Hobbs also claims that the warrantless search violated Article I, seetion 11 of the Indiana Constitution. The text of this provision of the Indiana Constitution is identical to the Fourth Amendment, but the two have been given somewhat different interpretations. Shotts v. State, 925 N.E.2d 719, 726 (Ind.2010). Conformity of a search to the Indiana Constitution turns on an evaluation of the "reasonableness" of the conduct of the law enforcement officers, not on the expectation of privacy commonly associated with Fourth Amendment analysis. Litchfield v. State, 824 N.E.2d 356, 359 (Ind.2005). Relevant considerations in evaluating reasonableness of a search under all the circumstances include the degree to which the search or seizure disrupts the suspect's normal activities, and those facts and observations that support the officer's decision to initiate the search or seizure. Id. We agree with the Court of Appeals that the officer's actions here were reasonable. There was no disruption of Hobbs's normal activities. At the time the search of his vehicle took place Hobbs was already under arrest for a different crime and would remain in custody whether the search took place or not.
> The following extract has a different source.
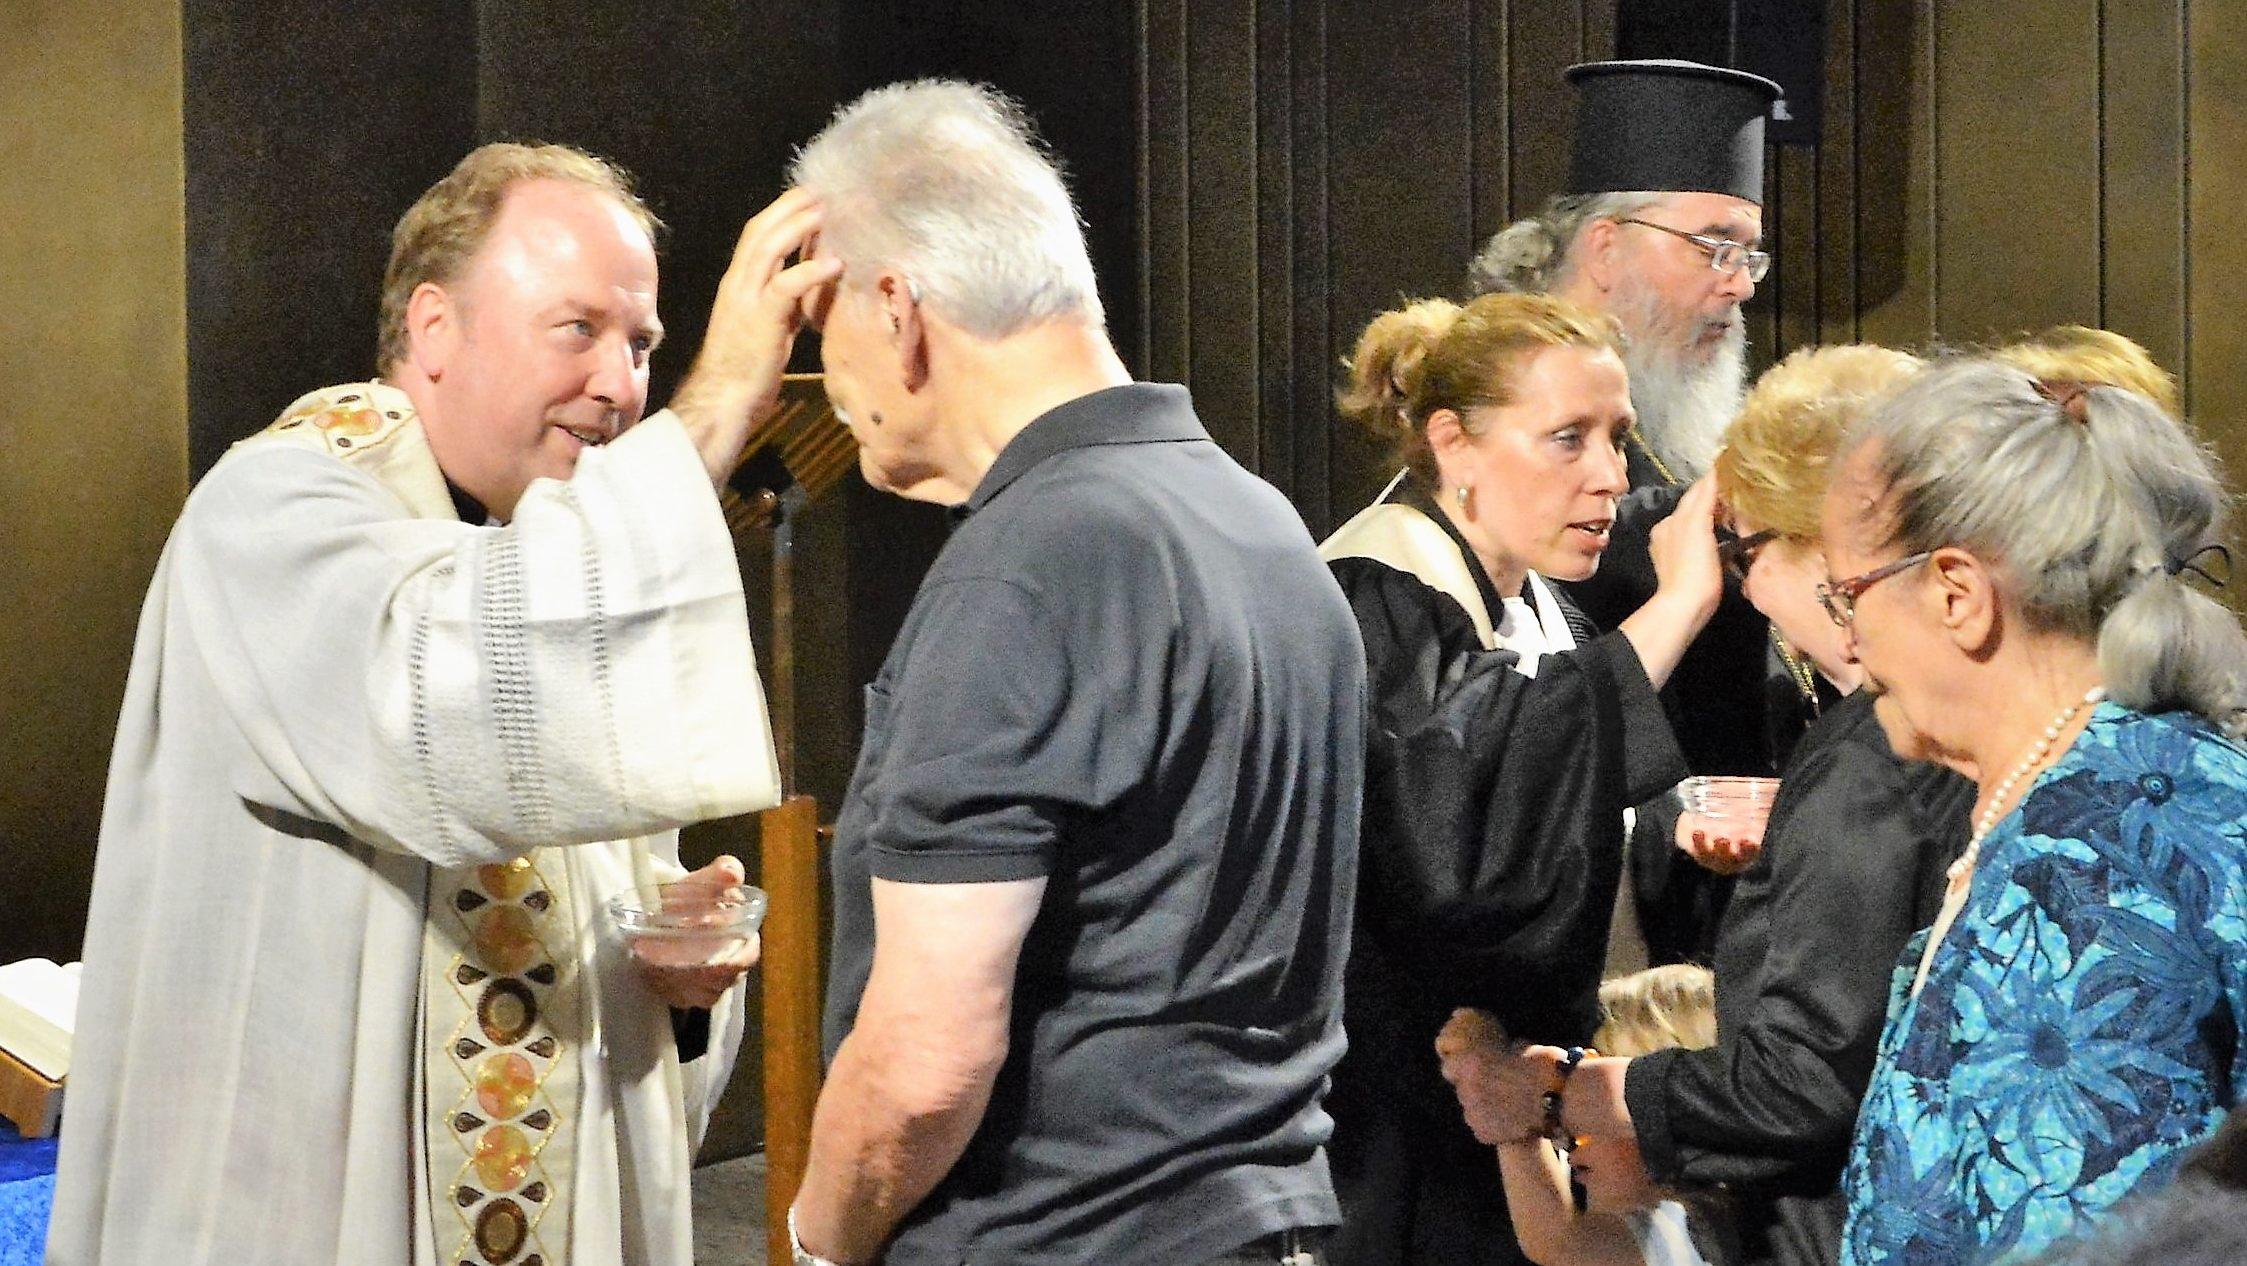 """""""Das ewige Leben beginnt immer genau jetzt"""" – Ökumenischer Tauferinnerungs-Gottesdienst der Arbeitsgemeinschaft Christlicher Kirchen im Baptisterium"""

Once the dog alerted, the officers had a high degree of confidence that the vehicle contained evidence of a crime, and the same considerations underlying the federal automobile exception support permitting the officers to secure the evidence without delay.

Finally, Hobbs cites Brown v. State, 653 N.E.2d 77, 78-79 (Ind.1995), where police engaged in a warrantless search of an unoccupied car parked on a public street based on a witness's report that a similar car with a nearly identical license number was seen leaving the scene of a robbery the day before. In that case, however, although the car appeared to be the one used in the robbery, there was no probable cause to believe the car contained evidence of a crime, and there was no certainty that detaining the car would not inconvenience its owner. The balance of reasonableness was far greater in favor of immediate war-rantless search of Hobbs's car.

Conclusion

The trial court's finding that the search violated Fourth Amendment and Article I, section 11 of the Indiana Constitution, and its consequent suppression of the fruits of this search are reversed.

SHEPARD, C.J., and DICKSON, J., concur. SULLIVAN, J., dissents with separate opinion, which RUCKER, J., joins.